## YOUR INSTRUCTIONS
Would you please set down the data again exactly as given, excluding the pictures?

## PROVIDED DATA
=-=-=

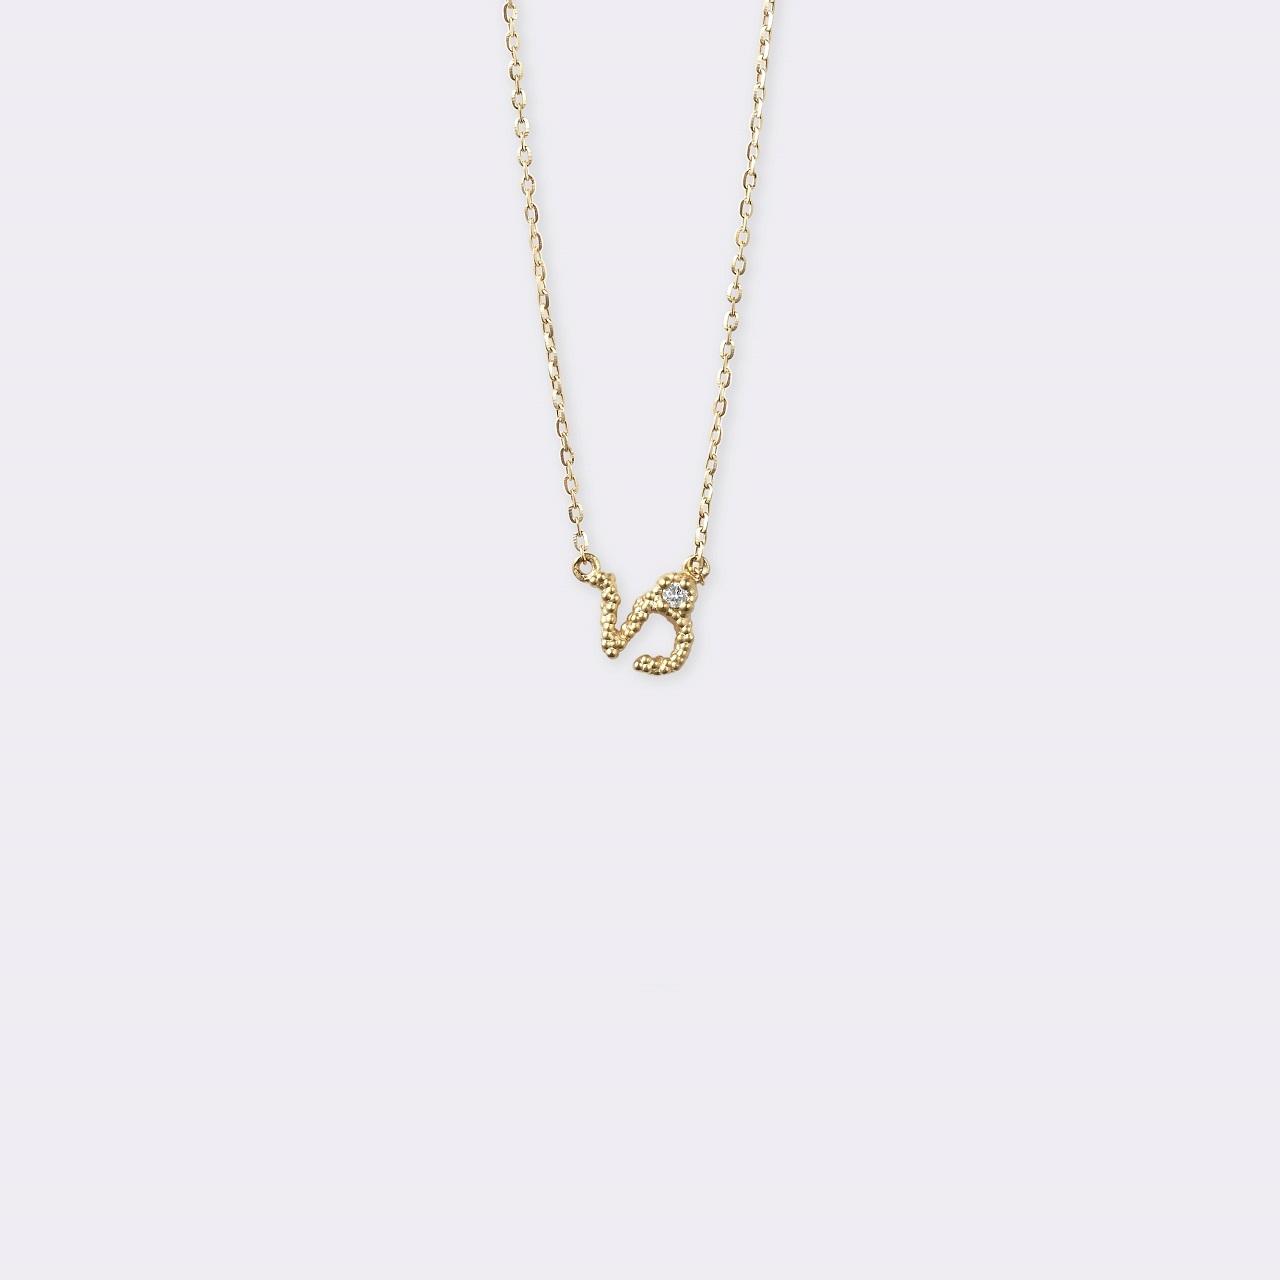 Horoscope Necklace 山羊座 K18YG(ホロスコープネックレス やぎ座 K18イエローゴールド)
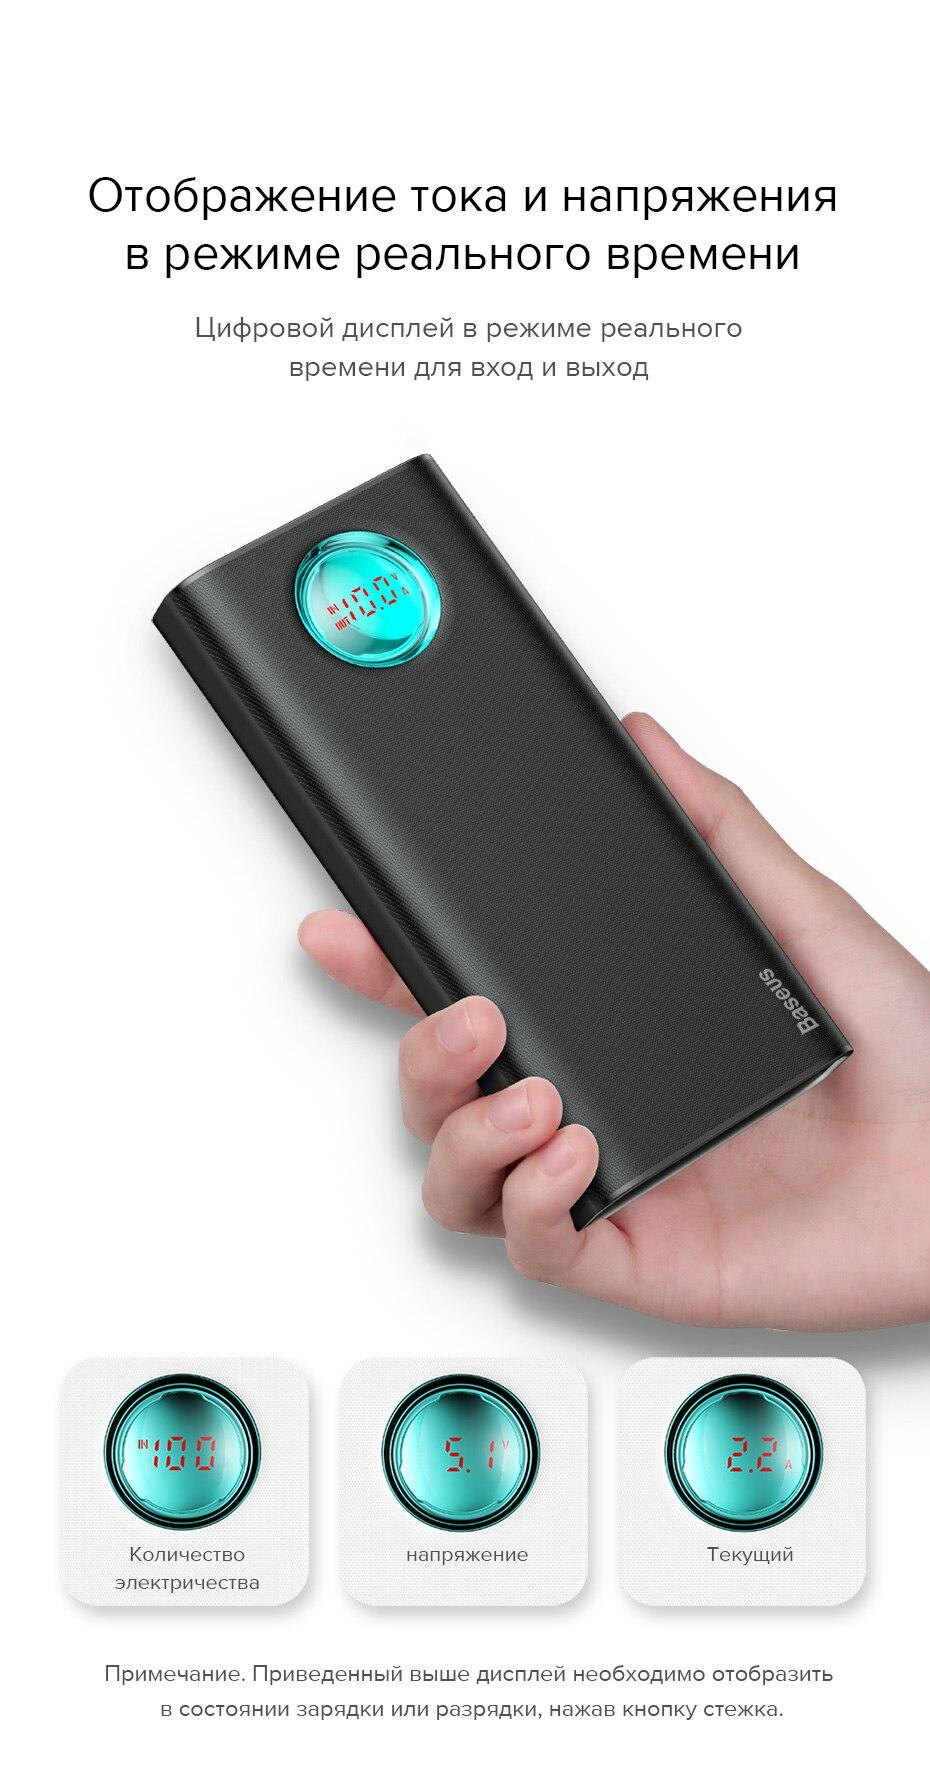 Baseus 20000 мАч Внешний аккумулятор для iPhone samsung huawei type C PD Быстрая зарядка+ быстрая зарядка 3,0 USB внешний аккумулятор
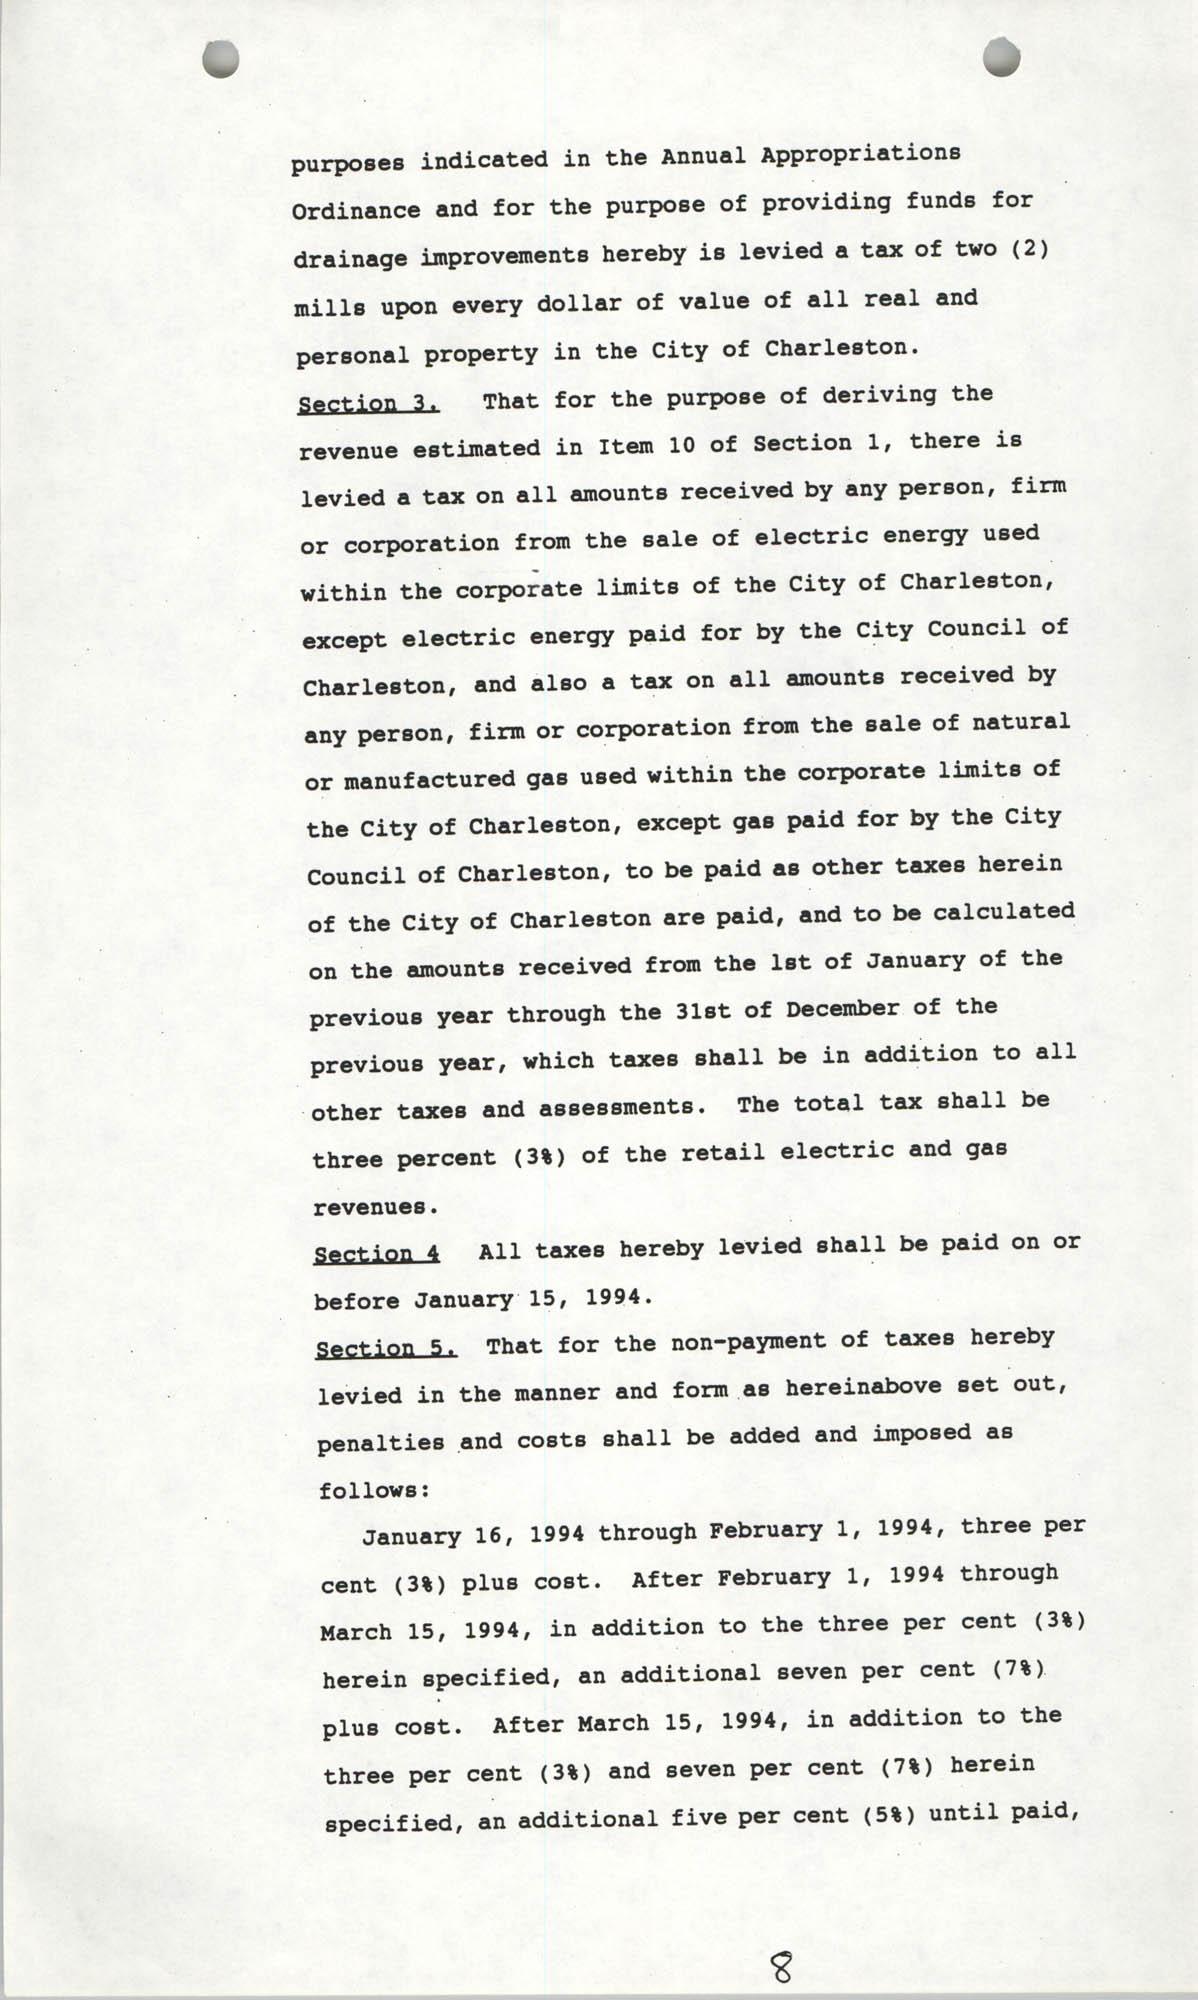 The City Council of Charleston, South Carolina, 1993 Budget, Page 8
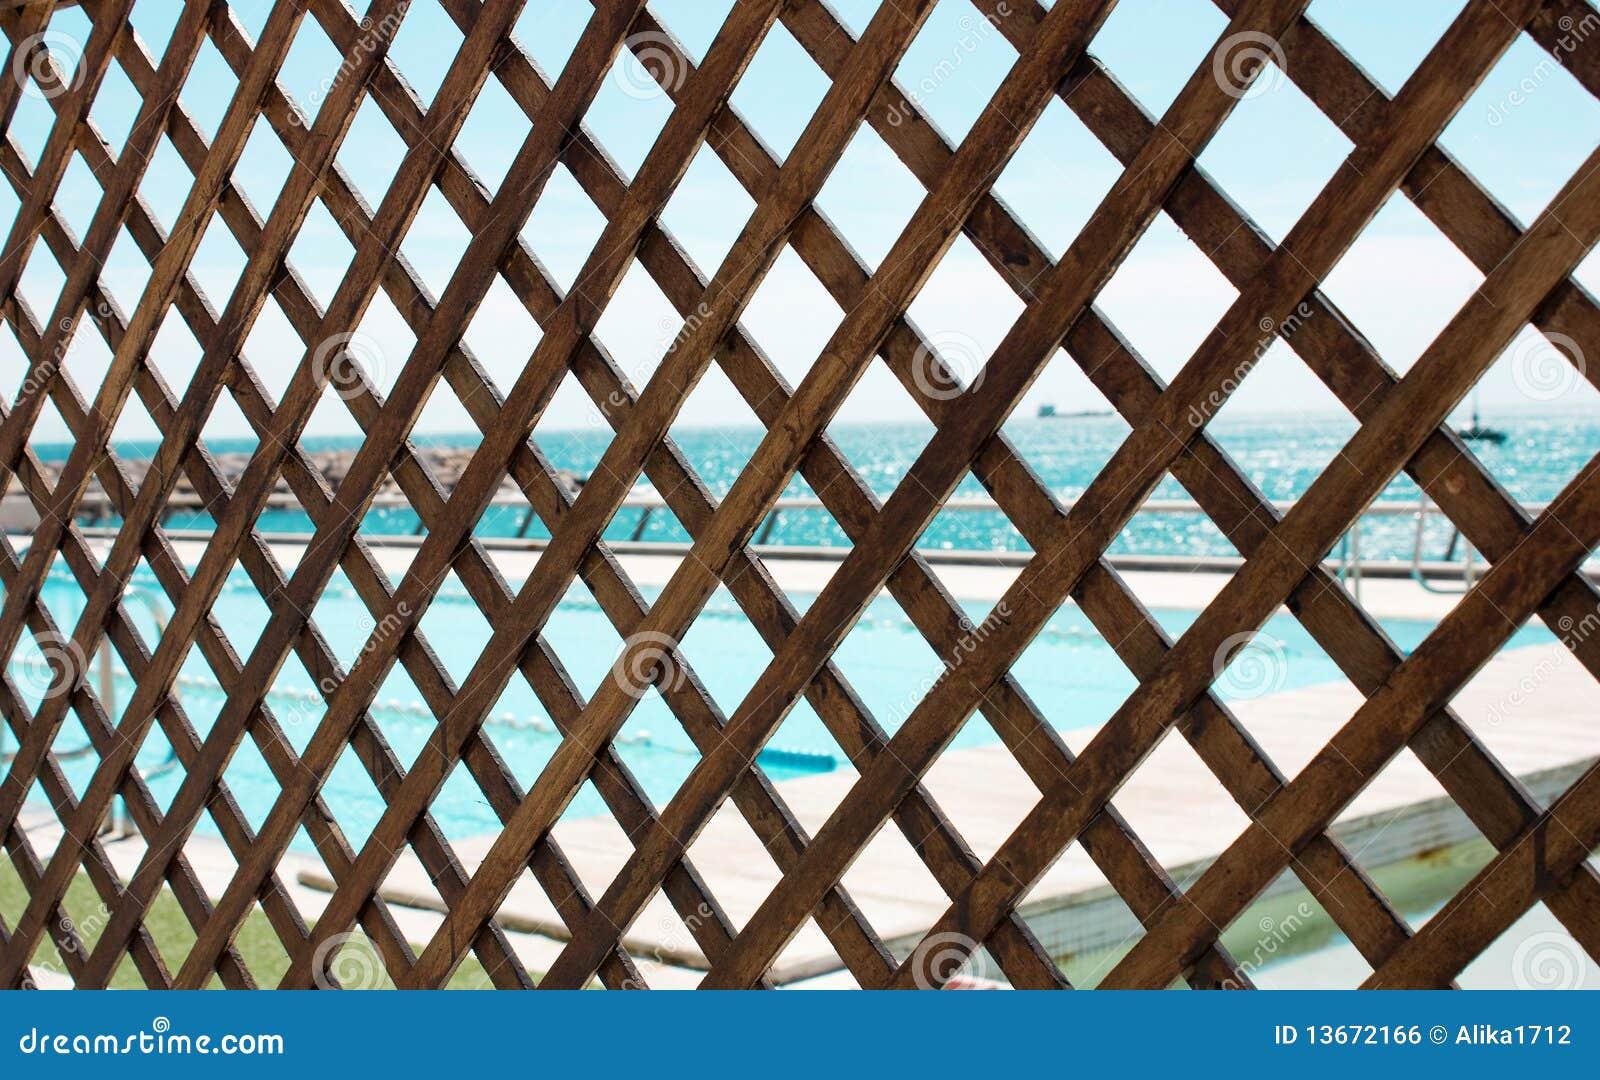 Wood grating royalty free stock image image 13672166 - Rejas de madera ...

=-=-=

## ANSWER TO THE PROBLEM
 Horoscope Necklace 山羊座 K18YG(ホロスコープネックレス やぎ座 K18イエローゴールド)
 Baseus 20000 мАч Внешний аккумулятор для iPhone samsung huawei type C PD Быстрая зарядка+ быстрая зарядка 3,0 USB внешний аккумулятор
 The City Council of Charleston, South Carolina, 1993 Budget, Page 8
 Wood grating royalty free stock image image 13672166 - Rejas de madera ...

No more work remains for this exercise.